Coffee review

Do Arabica coffee beans need to be processed? To what extent are Arabica coffee beans roasted?

Published: 2024-11-08 Author: World Gafei
Last Updated: 2024/11/08, Professional coffee knowledge exchange more information about coffee beans Please pay attention to the roasting time of Arabica coffee beans in the coffee workshop (Wechat official account cafe_style), which will affect the appearance and taste. The simplest way to judge is that the longer the beans are roasted, the lighter the sour taste and the less caffeine. Below, we briefly list the coffee flavor produced by different roasting time, and provide you with reference.

Professional coffee knowledge exchange more coffee bean information please follow the coffee workshop (Wechat official account cafe_style)

The roasting time of Arabica coffee beans will affect the appearance and taste. The simplest way to judge is that the longer the beans are roasted, the lighter the sour taste and the less caffeine. Below we briefly list the coffee flavor produced by different roasting time for your reference.

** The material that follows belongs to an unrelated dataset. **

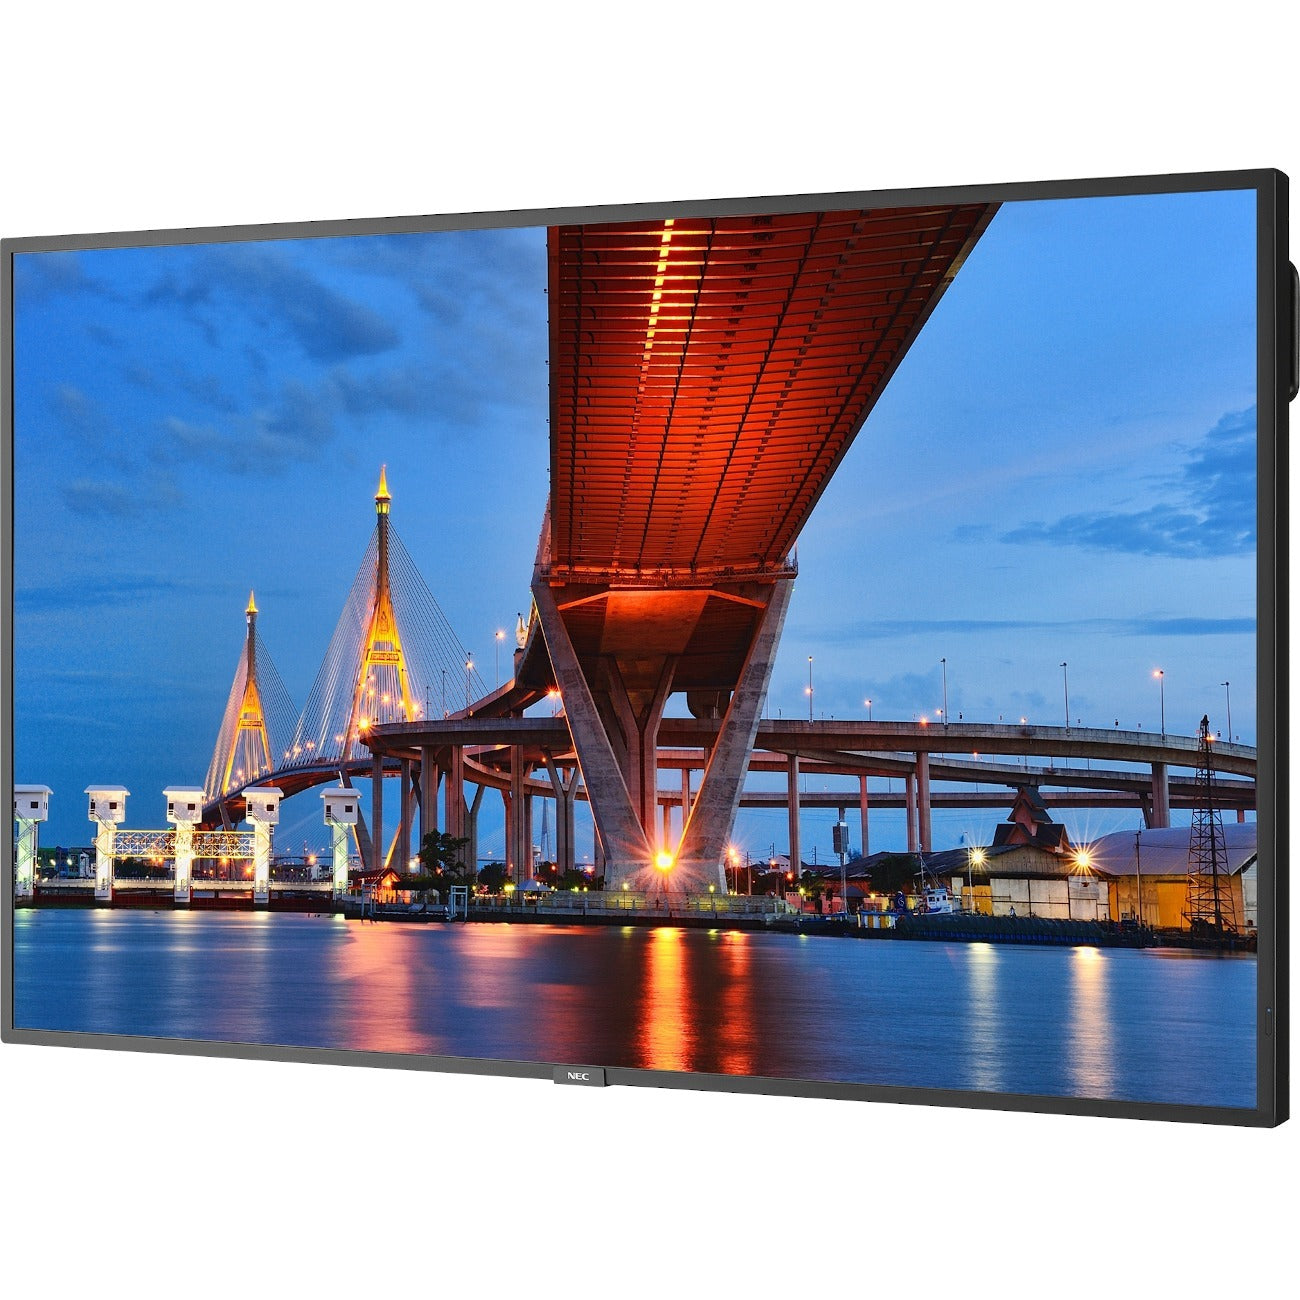 NEC Display 65" Ultra High Definition Commercial Display with Built-In Intel PC - ME651-PC5

Very shallow baking (light roast): has a strong smell of grass, lack of aroma, rarely used to taste.

Light roasting (cinnamon roast): high acidity, slightly fragrant, often used to make American coffee.

Medium roasting (medium roast): sour and bitter taste, moderate aroma, retain the original flavor of coffee beans, often used to make American coffee or mixed coffee.

Medium and deep baking (high roast): the taste is rich, sour and bitter balanced and slightly sweet, with good aroma and flavor.

Urban roasting (city roast): lower acidity than medium and deep roasting, perfect display of coffee flavor, is the standard roasting degree, the most popular among the general public.

Deep roasting (full city roast): bitterness is stronger than sour taste, the aftertaste is sweet, full of aroma, mostly used to make iced coffee or black coffee.

French baking (French roast): bitter, strong, not sour, with a smoky aroma.

Italian roast: beans are glossy, bitter and scorched, and are mainly used to make espresso.